● **Required action**: Each line below must be reproduced exactly as it stands. Pictures stay out of the copy.

● **Data shown**:
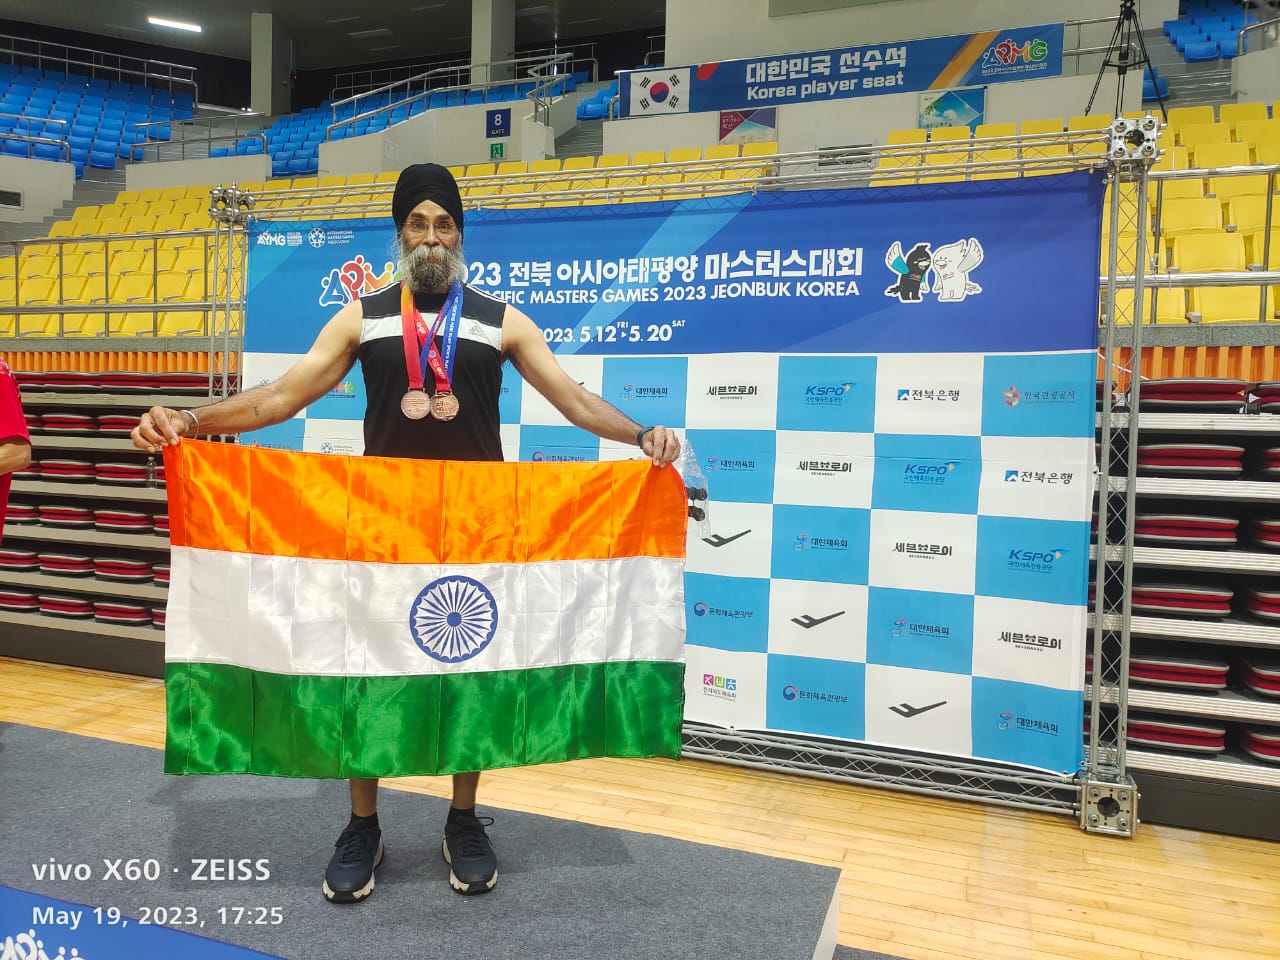 Pune's Raj Singh Impresses at Asia Pacific Masters, Grabs Bronze in Badminton
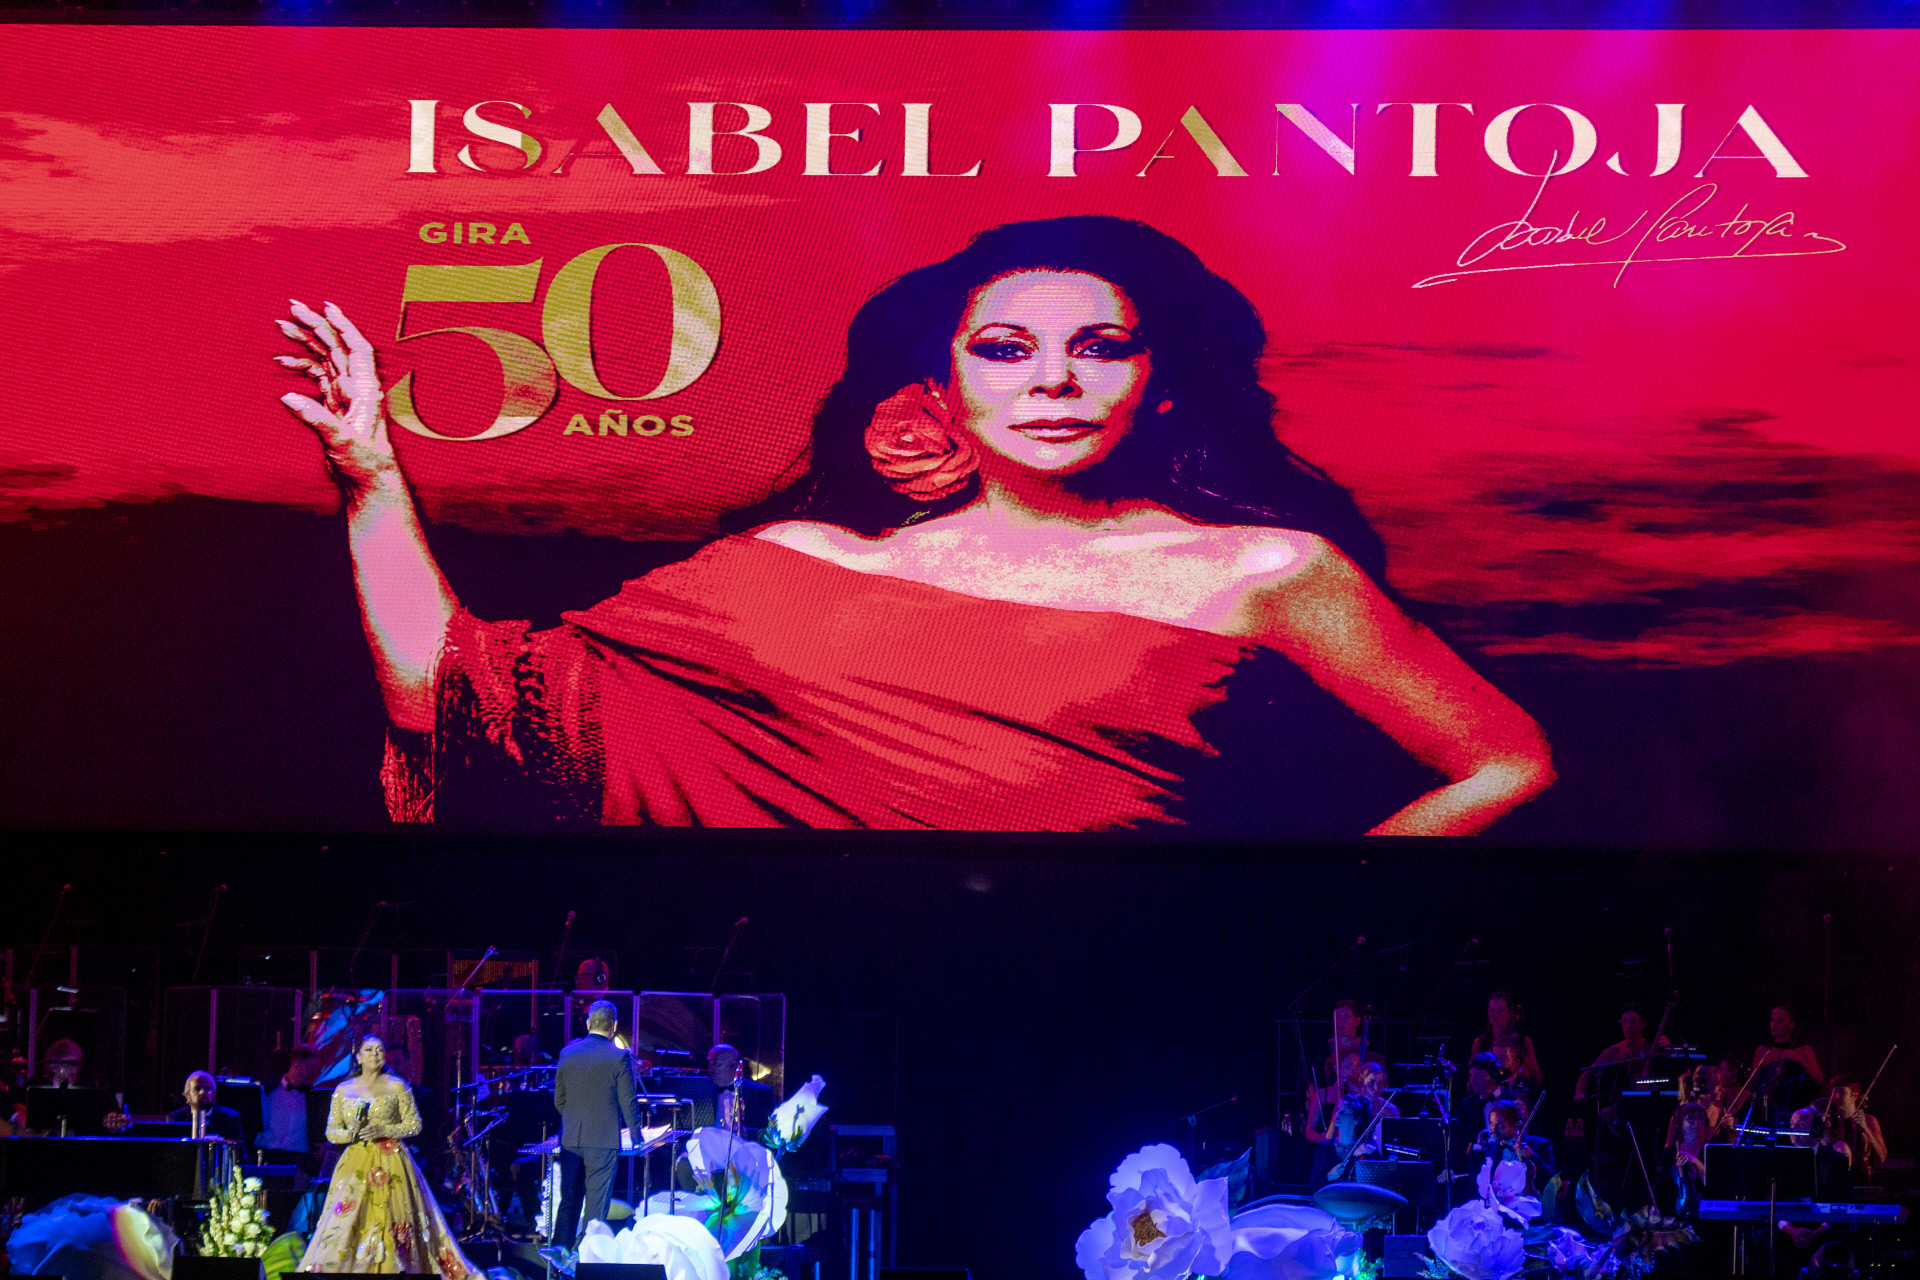 Gira 50 aniversario de Isabel Pantoja
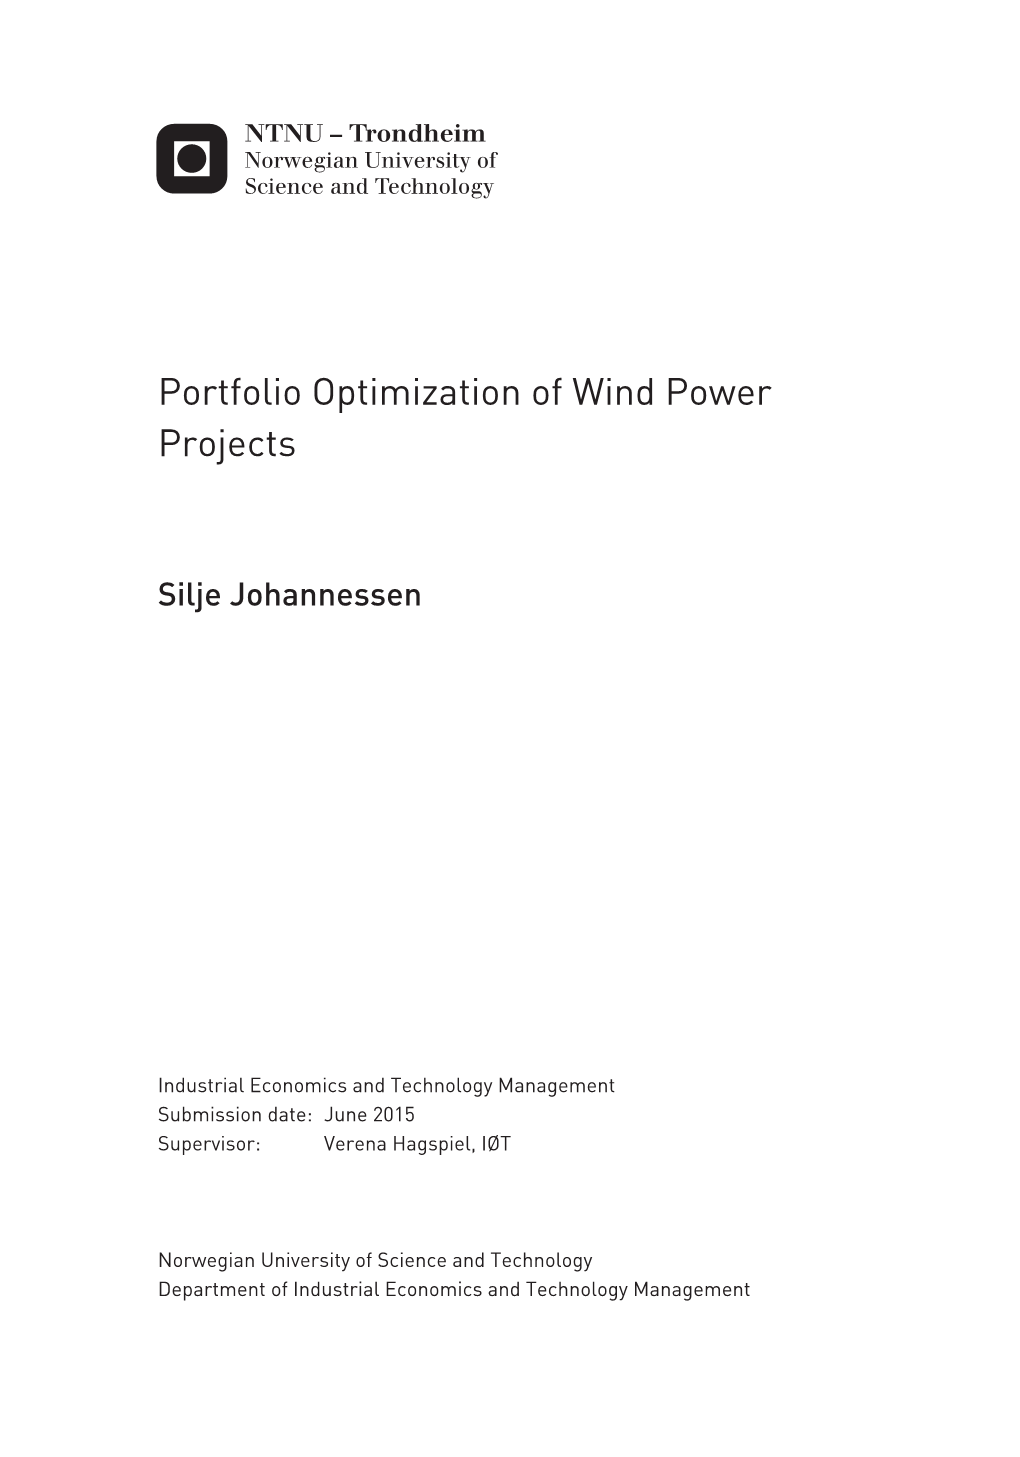 Portfolio Optimization of Wind Power Projects
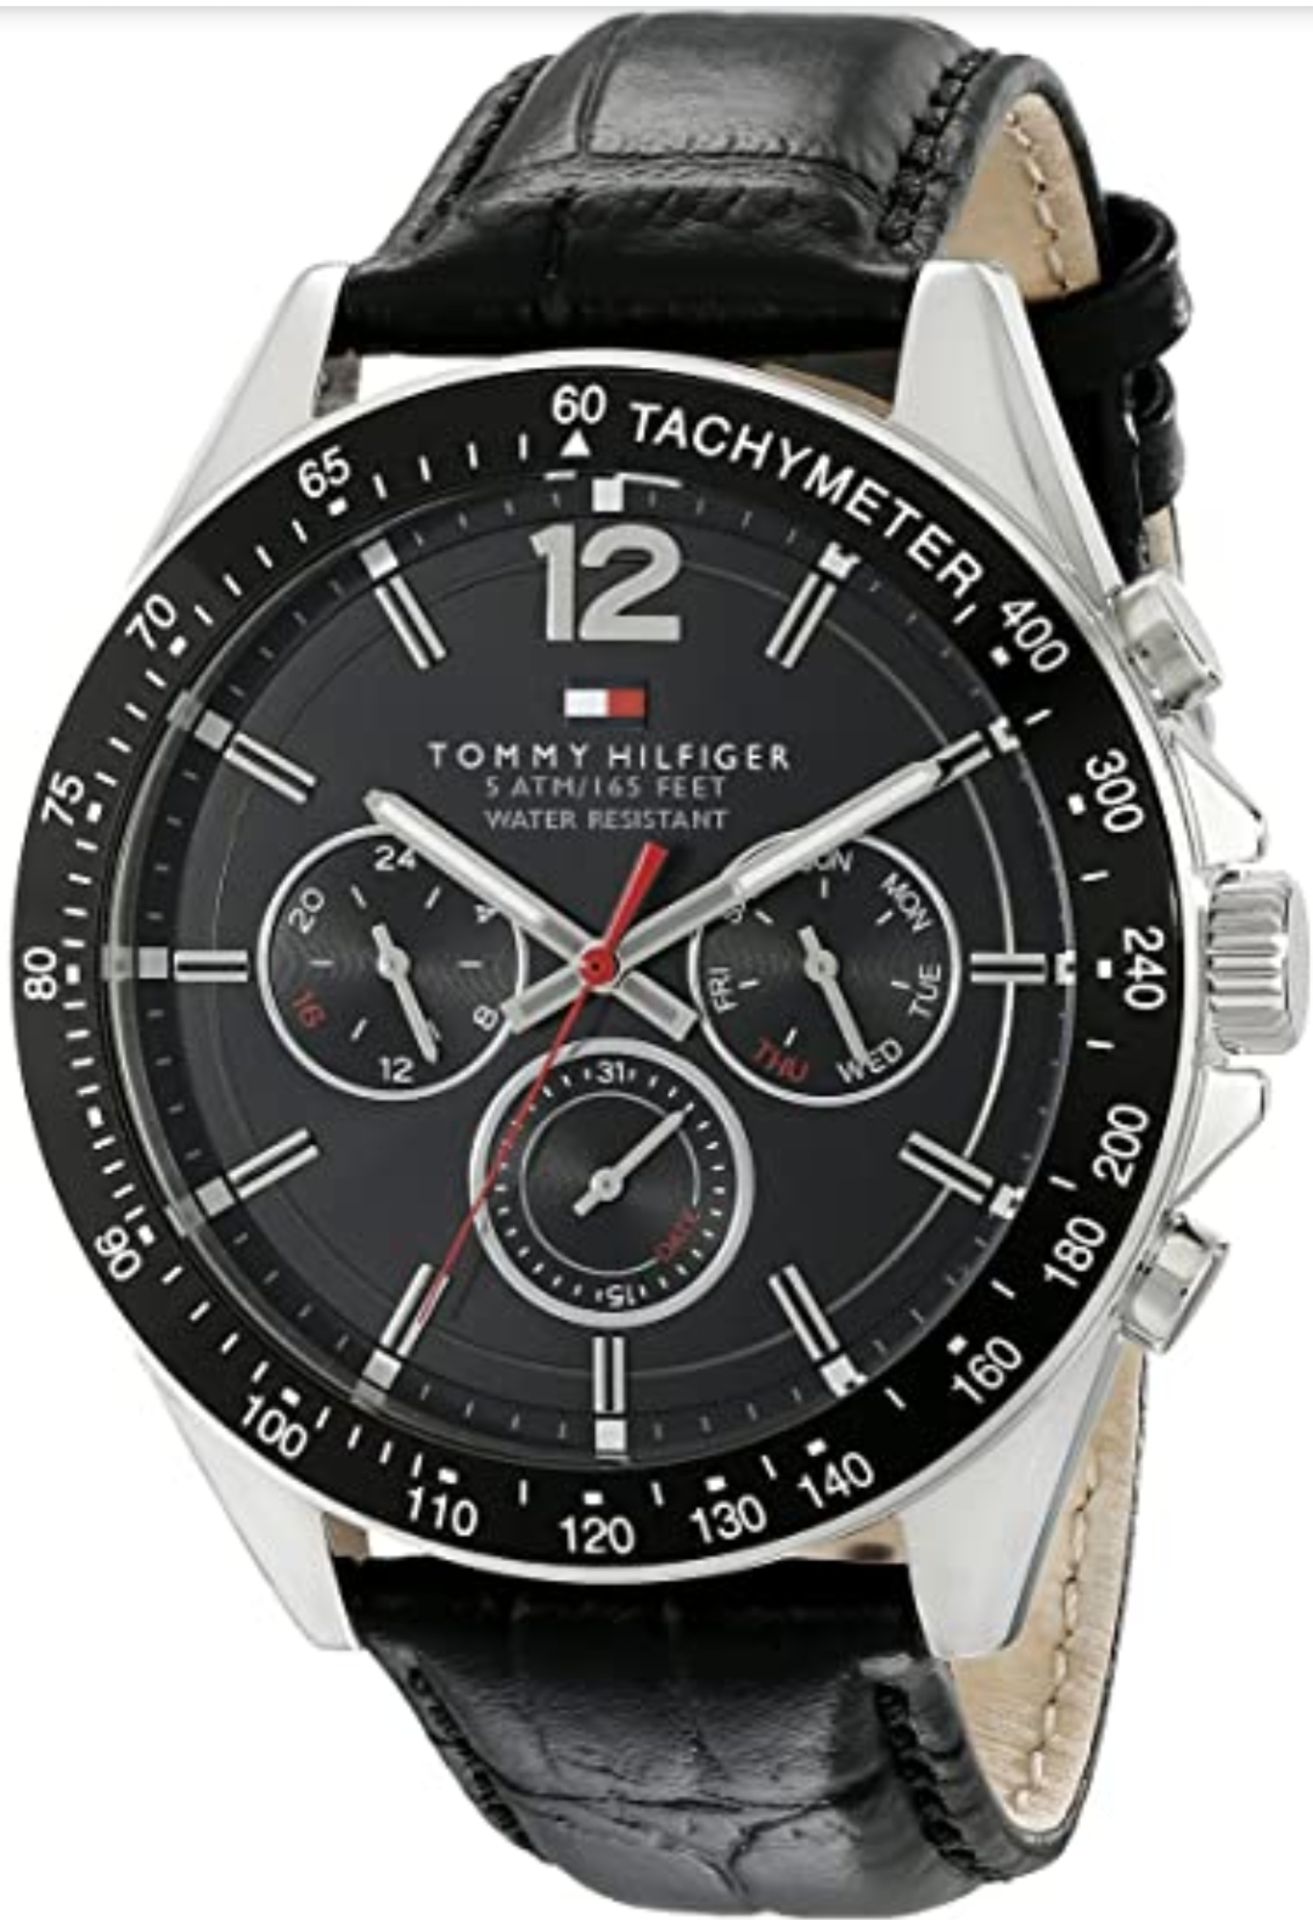 Men's Tommy Hilfiger Multi-Function Leather Strap Watch 1791117æ Men's Tommy Hilfiger Watch - Image 2 of 5

● **Response to the exercise**:
 Pune's Raj Singh Impresses at Asia Pacific Masters, Grabs Bronze in Badminton
 Gira 50 aniversario de Isabel Pantoja
 Portfolio Optimization of Wind Power Projects
 Men's Tommy Hilfiger Multi-Function Leather Strap Watch 1791117æ Men's Tommy Hilfiger Watch - Image 2 of 5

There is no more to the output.